Insect pheromone research wins Eppendorf/Science prize
Young neurobiologists honored
Washington, D.C. – Dr. Pingxi Xu has been awarded the 2005 international Prize in Neurobiology by the journal Science and Eppendorf. He is being recognized for his new insights on how insects "smell" using pheromone signaling. This research could lead the way to new approaches to control pests that spread human diseases and cause agriculture losses.
The Eppendorf and Science Prize in Neurobiology recognizes outstanding neurobiological research by a young scientist, as described in a 1,000 word essay based on research performed within the last three years. The grand prize winner receives $25,000 from Eppendorf, and the winner's essay will be published in the 04 November 2005 issue of Science.
Three finalist essays will be published at Science Online (http://www.scienceonline.org). The winner as well as the finalists will be recognized at the annual meeting of the Society for Neuroscience in November in Washington, DC.
Pingxi Xu left a career as a pediatrician to study basic science. Although his focus has moved from babies to bugs, his goal remains essentially the same: to improve human health by preventing the occurrence and spread of disease.
Xu studies how fruit flies use chemical signals called pheromones to influence the behavior of other fruit flies. Devising ways to change insect behavior by manipulating pheromone-signaling systems could provide sustainable ways to control the insect pests that have a profound impact on human health and agriculture. Xu is currently a postdoctoral fellow at the University of Texas, Southwestern Medical Center in Dallas, Texas.
Xu has discovered that small proteins known as "odorant binding proteins" are required for pheromone signaling in fruit flies. Odorant binding proteins may function as adaptors that link pheromone molecules to neurons, according to Xu. A full understanding of the mechanisms of pheromone perception could help scientists manipulate insect behavior and develop sustainable methods of pest control. The toxicity of today's pesticides and the emergence of pesticide resistance limit their use, Xu writes.
Pingxi Xu was born and grew up in the northern province of Jiangsu, China. His first career was as a pediatrician, but after years of pediatric practice, Dr. Xu became interested in exploring basic science. He returned to university in Xian, China, and in 1988 earned a Master's degree in biochemistry and in 1999 a Ph.D. in neurobiology. In 2000 he joined Dr. Dean Smith's lab at the University of Texas Southwestern Medical Center in Dallas, Texas. Here he has worked to understand the molecular basis of pheromone signaling in Drosophila. Dr. Xu's goal is to apply this knowledge to control mosquito breeding by interrupting their perception of pheromones.
The Finalists Are:
Justin Blau, for his essay "How Flies Time: Circadian Clocks in Drosophila." Dr. Blau was born and raised in London, England. He received his undergraduate degree from Cambridge University in 1991, and his Ph.D. from the Imperial Cancer Research Fund, where he studied basic mechanisms of eukaryotic transcription with David Bentley. After graduating in 1996, he joined Mike Young's lab at The Rockefeller University in New York to study how clock genes drive daily (circadian) rhythms of behavior in Drosophila. Dr. Blau started his own lab at New York University in 2000, where he continues to investigate how genes and neurons interact to drive this fundamental behavior.

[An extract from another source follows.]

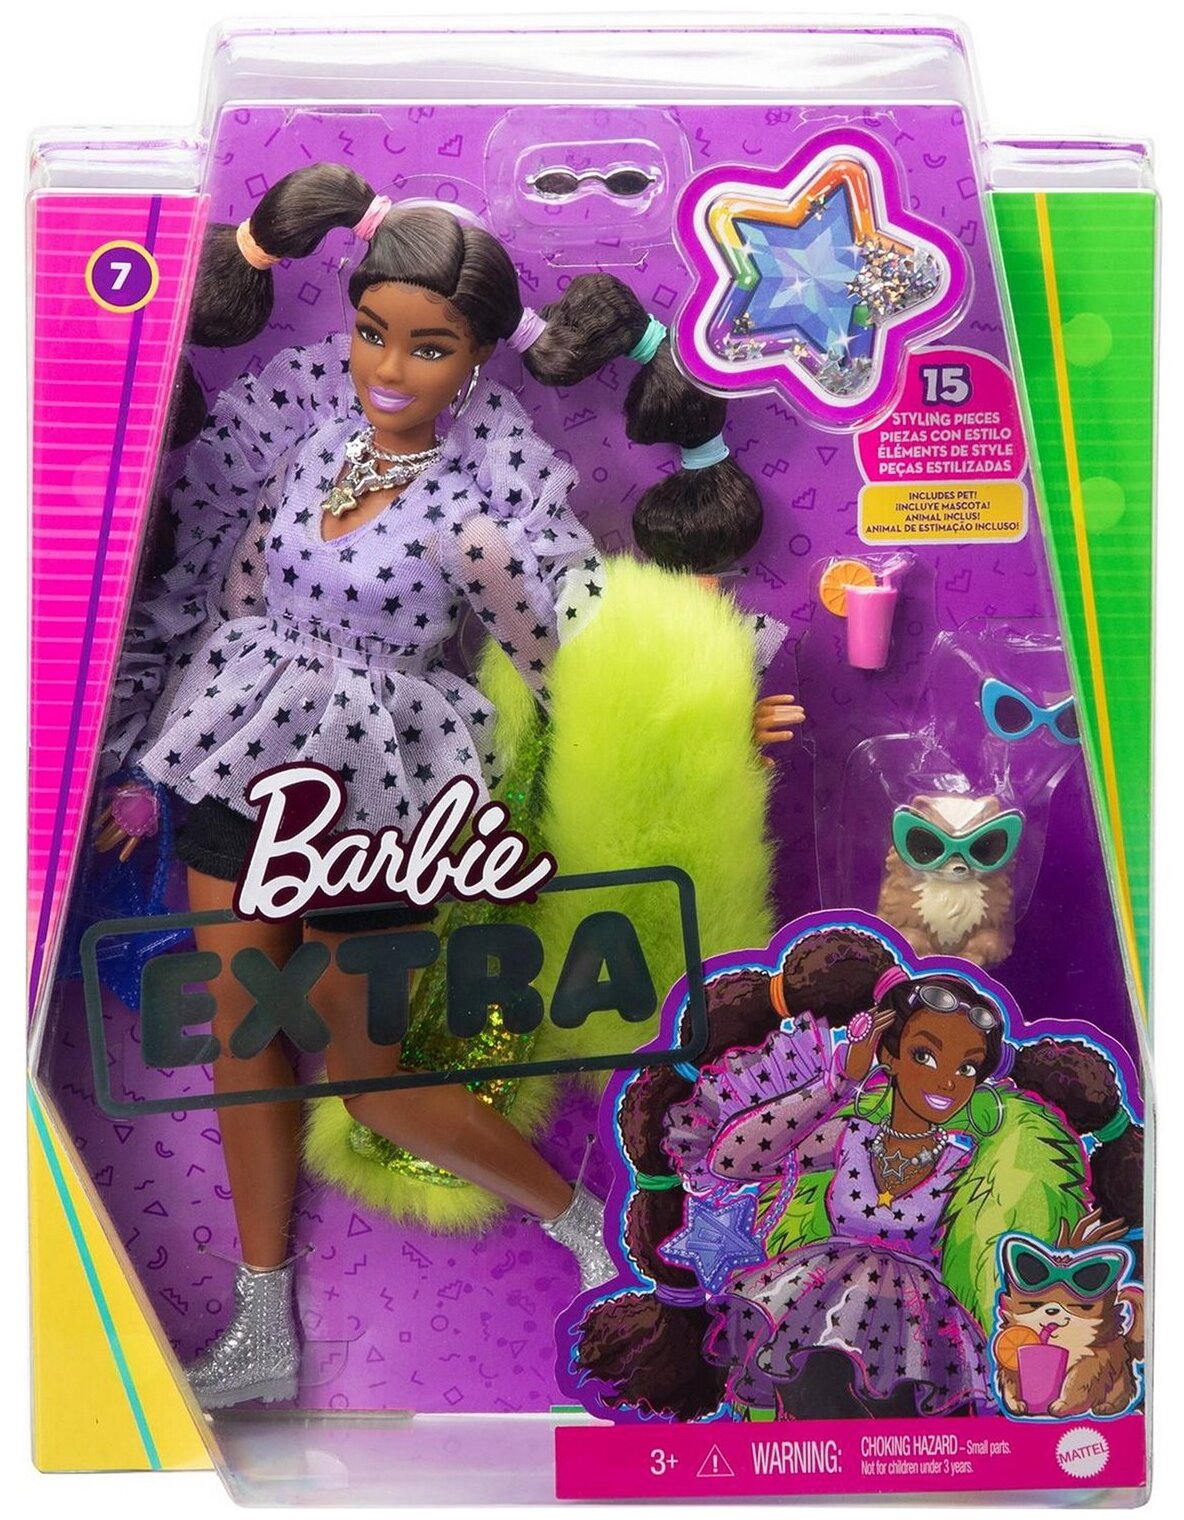 Barbie Кукла Экстра с переплетенными резинками хвостиками - фото №5

Paul Frankland, for his essay "Networking to Remember: The Cortex and Remote Memory." Dr. Frankland grew up in Folkestone, England. He studied psychology at the University of Sheffield and completed his Ph.D. work in neuroscience in the lab of Dr. John Yeomans at the University of Toronto. After graduating in 1996, he went on to conduct his postdoctoral work in the lab of Dr. Alcino Silva, first at Cold Spring Harbor Laboratory in New York and then at the University of California, Los Angeles (UCLA). At UCLA he used genetically engineered mice to model normal cognitive function, as well as cognitive dysfunction associated with various inherited diseases. In 2003, he started his own lab at The Hospital for Sick Children in Toronto. A focus in his lab is on understanding how enduring, or remote, memories are organized in the brain.
Johanna Montgomery, for her essay "Synapses in a State: A Molecular Mechanism to Encode Synaptic History and Future Synapse Function." Dr. Montgomery was born and raised in New Zealand. She graduated from The University of Otago in 1999 with a Ph.D. in Physiology. During her Ph.D. studies, Dr. Montgomery completed the Neurobiology Course at The Marine Biological Laboratory in Woods Hole, Massachusetts. She began postdoctoral work in the laboratory of Dr. Daniel Madison at Stanford University, where she used paired whole-cell recording techniques to reveal distinct mechanisms of synapse plasticity. She then pursued further postdoctoral training with Dr. Craig Garner at Stanford University to examine the molecular aspects of synapse function. Last year, Dr. Montgomery returned to New Zealand to establish the Synaptic Function Research Group at The University of Auckland, where she is focusing on the molecular and physiological mechanisms of synapse function and plasticity.